Our management had a retreat – C-Level, Sr VP’s, VP’s, Directors from all over the world gathered for a weeklong brainstorming.

Standard issue at check in for each attendee – black turtleneck and jeans. So they could all dress like Steve Jobs and “think out of the box.”

I could only think of what Steve Jobs might say if a bunch of software engineers brought him this very same complex, comprehensive monster of an ERP system and said – “Let’s take this to market.”

I imagine he would have laughed in their faces and told them the product was maybe half finished, now go back and make it simple to use, intuitive and easy and then come back and show it to him.

Since none of our management were Mac users, I doubt the irony of the moment was apparent.

Game On

ERP will always be complex – that’s the only way to handle so many different business issues in so many different business environments.

Several ERP vendors have started using iPads as remote input devices and iPhones as remote communications devices – the beginning for the post-PC world in Enterprise Software. And while ERP  still maintains it’s complexity, the individual user experience is getting easier, more intuitive and quicker to implement. 
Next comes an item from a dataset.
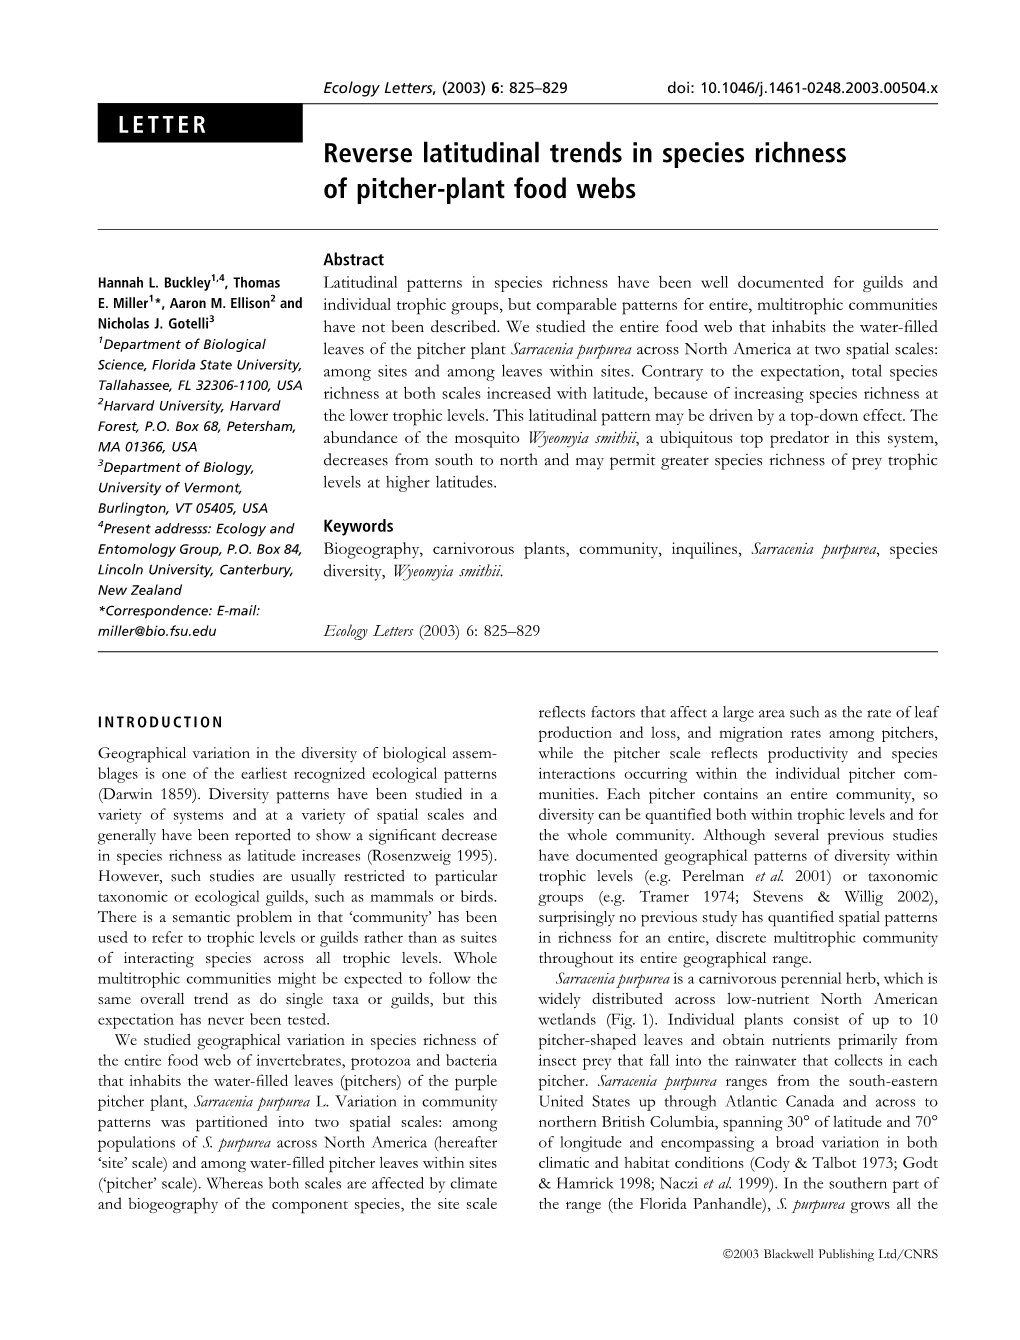 Reverse Latitudinal Trends in Species Richness of Pitcher-Plant Food Webs

Watching ERP sales become commoditized over the past few years and companies become less and less eager to upgrade for the sake of minor technological advances, I’m convinced the next big winner in the ERP space will come from whoever embraces the post-PC environment and takes the complexity beneath the covers making the end product something that’s quick to implement, intuitively configurable and something that  ‘just works.’